» Supplied material:
Start of Block
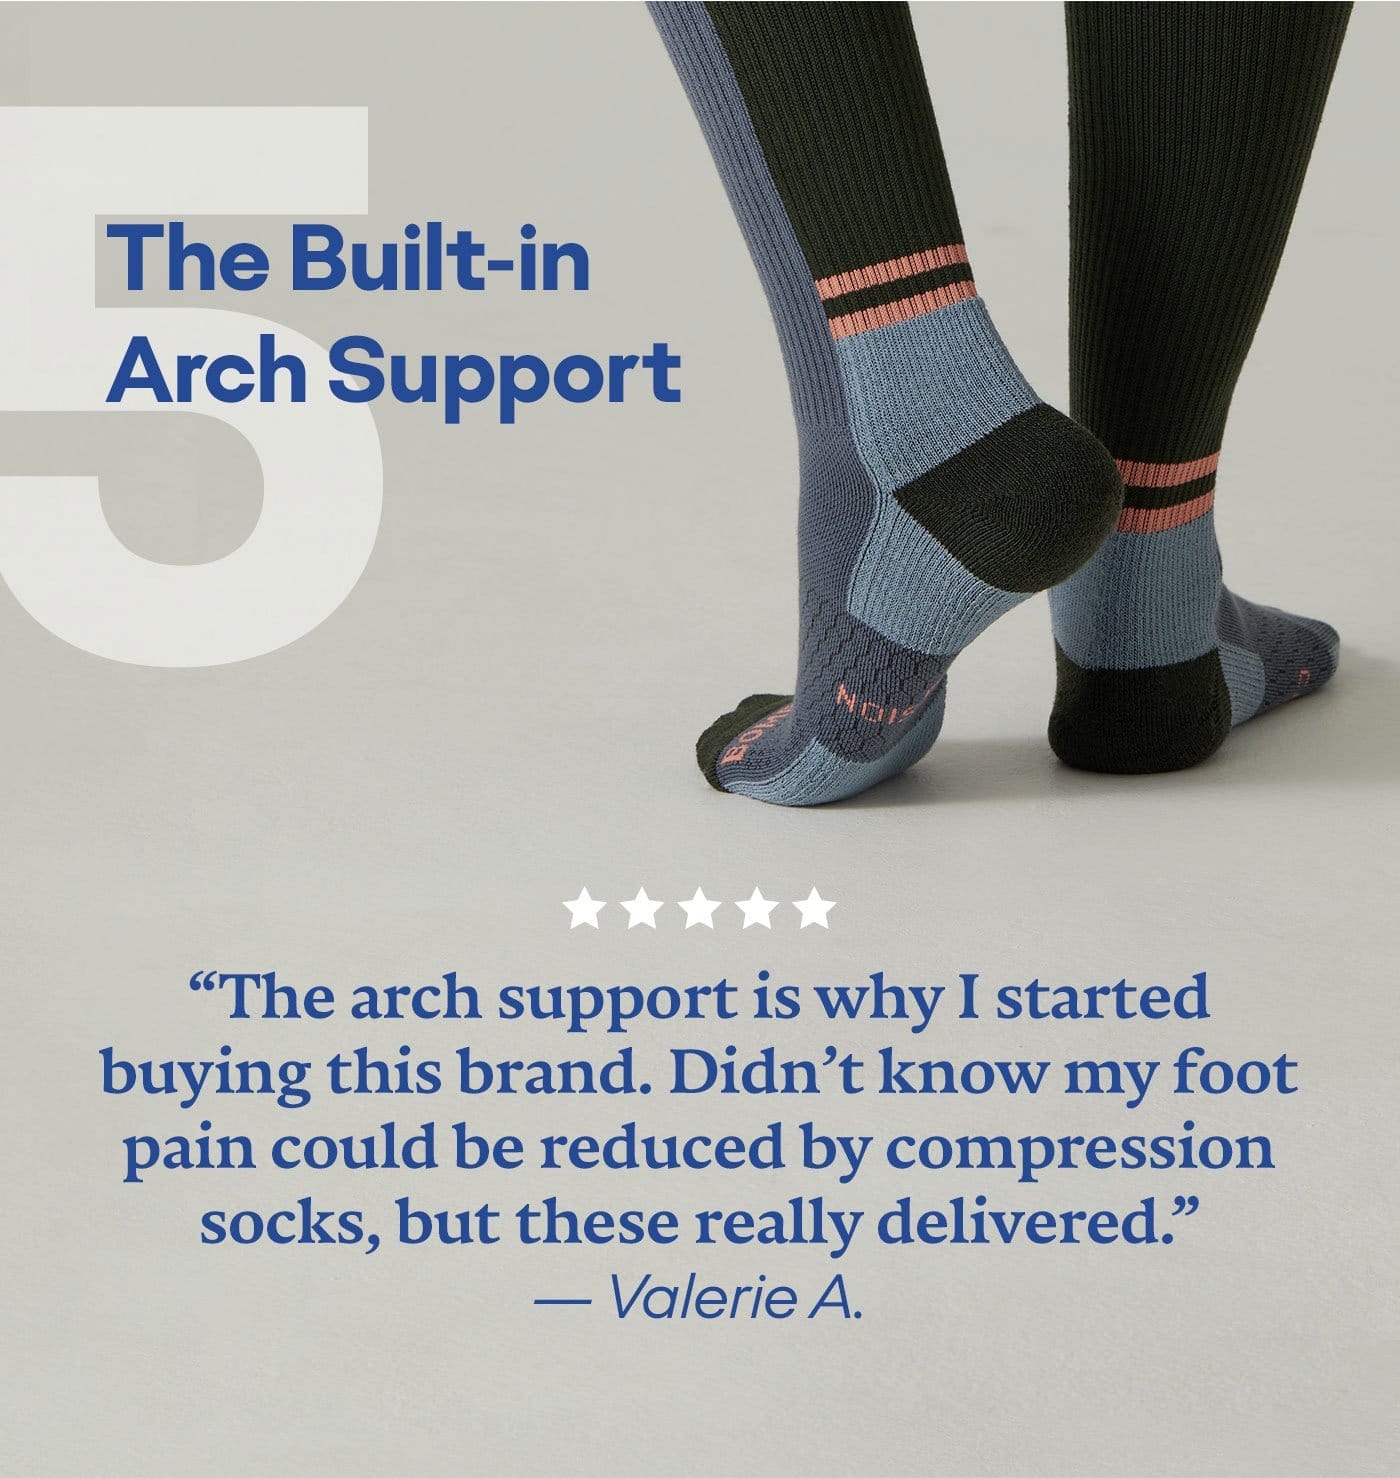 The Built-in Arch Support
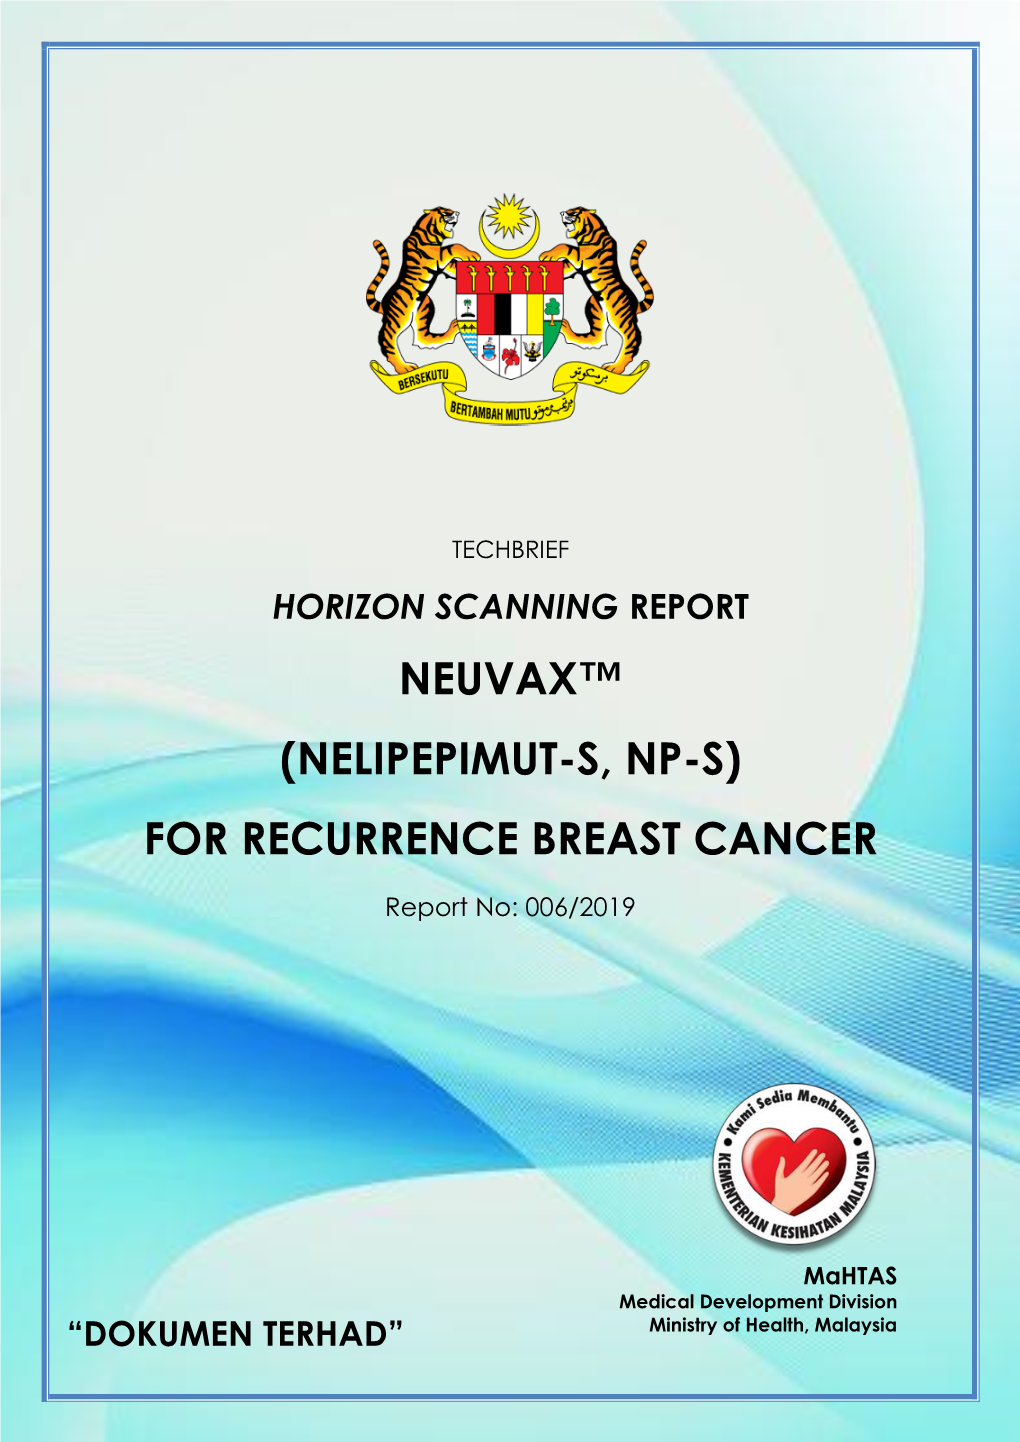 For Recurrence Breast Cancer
End of Block
Start of Block
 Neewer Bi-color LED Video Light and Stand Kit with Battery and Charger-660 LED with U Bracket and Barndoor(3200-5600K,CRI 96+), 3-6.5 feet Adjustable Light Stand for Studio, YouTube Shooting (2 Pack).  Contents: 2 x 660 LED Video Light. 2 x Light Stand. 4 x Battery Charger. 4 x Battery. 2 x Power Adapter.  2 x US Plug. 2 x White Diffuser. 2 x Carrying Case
End of Block
» Required action: Would you write out exactly the lines above, starting at the line containing "The Built-in Arch Support" and stopping after the line containing "For Recurrence Breast Cancer"? Omit the pictures.

» Response to this exercise:
 The Built-in Arch Support
 For Recurrence Breast Cancer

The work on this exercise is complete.